I have just started using Audacious as the audio player with my QLC+ set-up and this post is there to document my experiences.
WARNING and caveat: This method uses external 3rd party software that is not part of QLC+ so know that you cannot expect any sort of support from the normal QLC+ gurus/devs in using this. I will monitor this thread infrequently to answer any queries. Also note that my usage includes me building QLC+ and Audacious from source and running QLC+ on the pi in a way that is not currently supported.

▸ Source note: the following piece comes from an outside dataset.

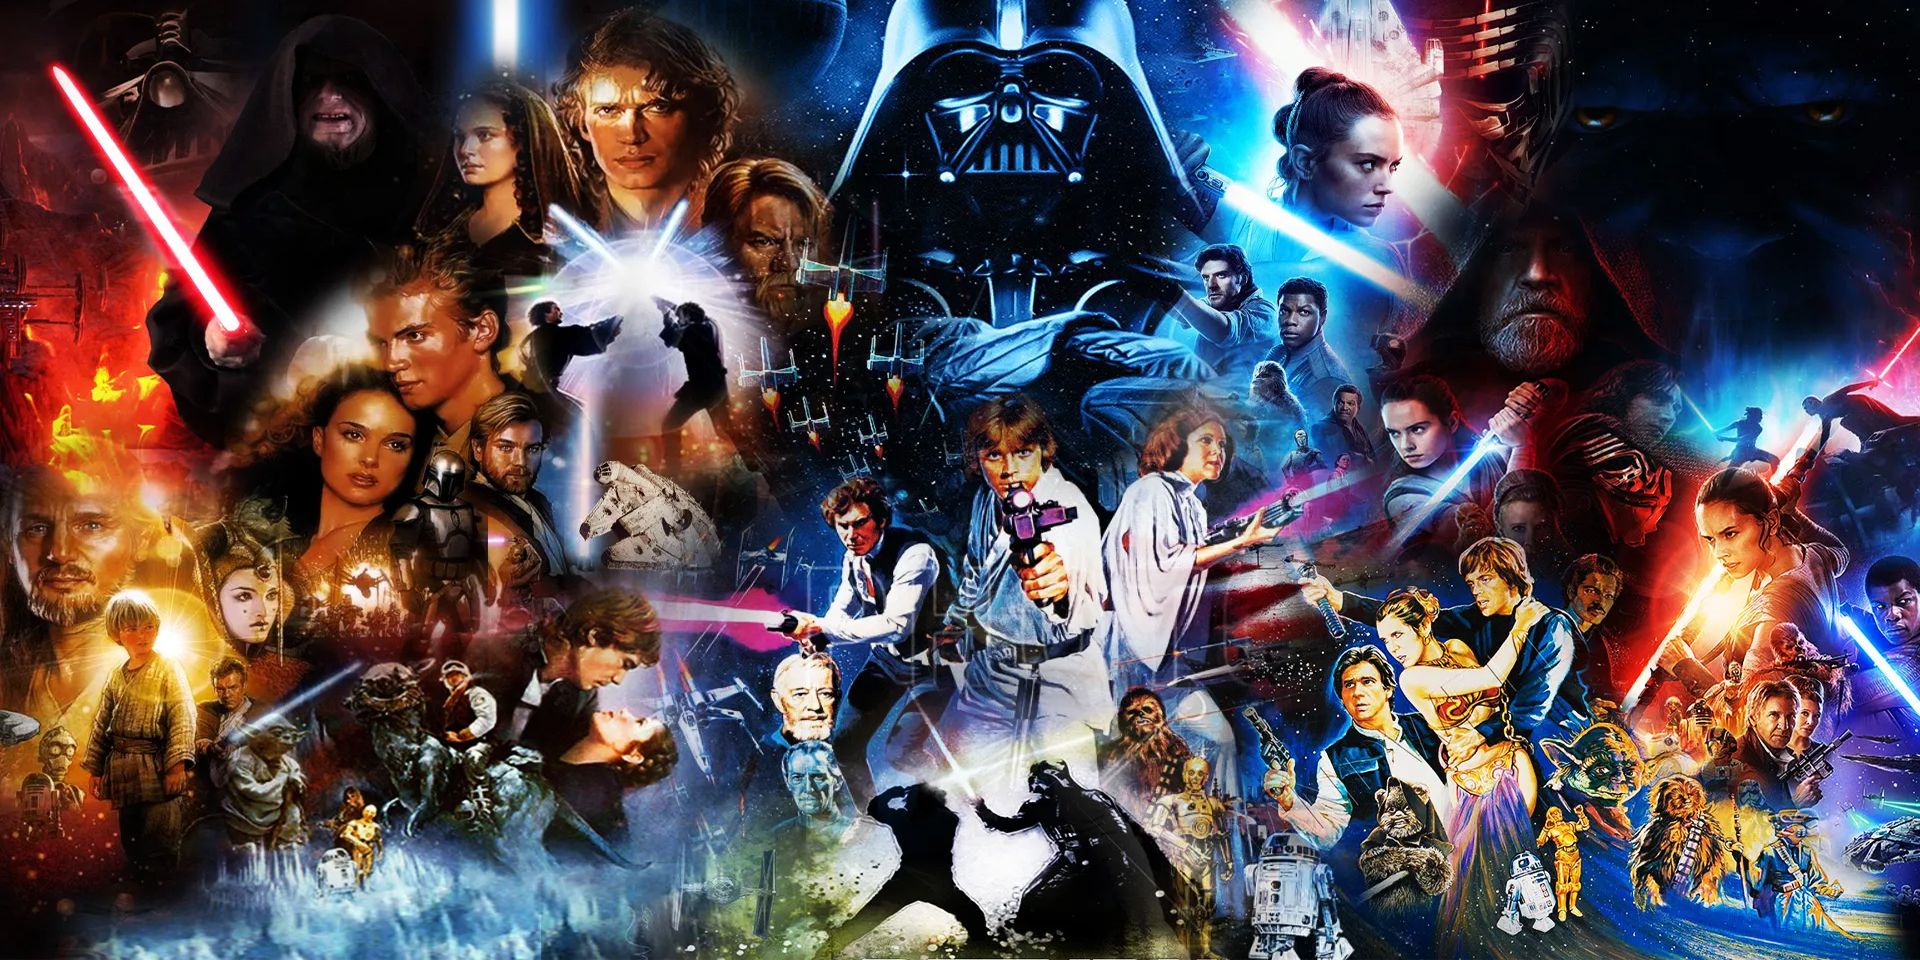 Images from the nine main Star Wars movies

Use case: I use QLC+ almost exclusively in a theatre setting, for a community theatre group. Mostly it is for a musical or music concert. We have limited resources in terms of funds but also equipment and space. A typical show would have about 20 pars, 2 moving heads (Chauvet Qspot), some home made LED pixel strings and strips, a dmx smoke machine and a 4 channel dmx mains dimmer. I set up the scenes and then put them in a chaser determining the fade hold settings so that it becomes close to a one button operation. I also do some other funky things like using the moving heads as follow spots and controlling video from another Raspberry Pi via dmx, but that is for another post. In addition to all this there is always audio that needs to be played like backing tracks, dance tracks or sound effects. In addition we also provide front of house music before the show, during interval and afterwards.
When QLC+ started using the Qt media library I was quite excited because I could use that to play my audio. Playing the FOH playlist was not really an option as it begs a UI dedicted to adding, sorting etc of a playlist. With the show audio it mostly worked except when fading in or out on demand and playing a piece in the middle meant massaging the audio files directly. Then I had problems playing the audio on my Raspberry Pi, that I was sure related to Qt libraries.
On the other hand the media player Audacious ticked a lot of boxes for me. It has 2 killer playlist features: remove silence (which automatically truncates the very silent bits at the start and end of a song) and crossfade. Both of which combines to make it seem as if someone is carefully selecting and mixing tracks.
Combining Audacious and QLC+ as separate players proved to be a disaster when they were using the same audio out device on my linux laptop. The first half of the show had to run without any sound, opening night.
While solving that (disaster) I was reading up on Audacious and realised that it has a command line tool that allows control of the player. Couple that with the QLC+ scripting feature where I can send a command line instruction using systemcommand, I now have what I think is the perfect solution for my use case. In addition I can write more complicated scripts as external executable scripts and call them as well. Furthermore I can combine different scripts inside QLC+ chasers and collections and do all sorts of complicated things, automagically.
I am attaching a few screenshots that shows buttons with pre-programmed scripts/controls as well as views of some of the scripts and chasers.
Functionality that I implemented with this - all executable from buttons and cue lists:
- Starting and killing the Audacious player.
- Playing the FOH playlist. This will fade in and play the current active song in the playlist. From there onward Audacious plays/mixes the playlist tracks until I stop it.
- Various volume controls including fade from current volume to 80% or 90%. This prevents a sudden jump in volume.
- Fade out the FOH playlist, stop the playlist, cue the next song, put the volume back at 90% and turn off crossfade, ready for the first show cue.
- Play the show cues on demand from buttons and/or a cue list.
- Other transport controls like prev/next, seek and play/pause.
- I can also have the same track being used and cued to start in the middle somewhere, fade in/out and then stop. Then later using the same track but a different part of it. This approach also allows the flexibility of starting an audio track and then fading out on demand, when an actor reaches a specific place for example.
I'm running this on a Raspberry Pi 2 with the latest Raspbian (jessie) and have found it to be rock solid in my tests so far with the CPU hovering well below 10%, occasionally spiking up to about 25%. I will be testing the full thing while also using QLC+ to drive lights via the uart very soon.
I can post my test workspace and some the external scripts if anyone is interested.
A final note. I have only tested this on linux but with a bit batch file wizardry I'm pretty sure it could work on Windows as well. At least I know I can control Audacious from the command line tool. You may have to set your path variable.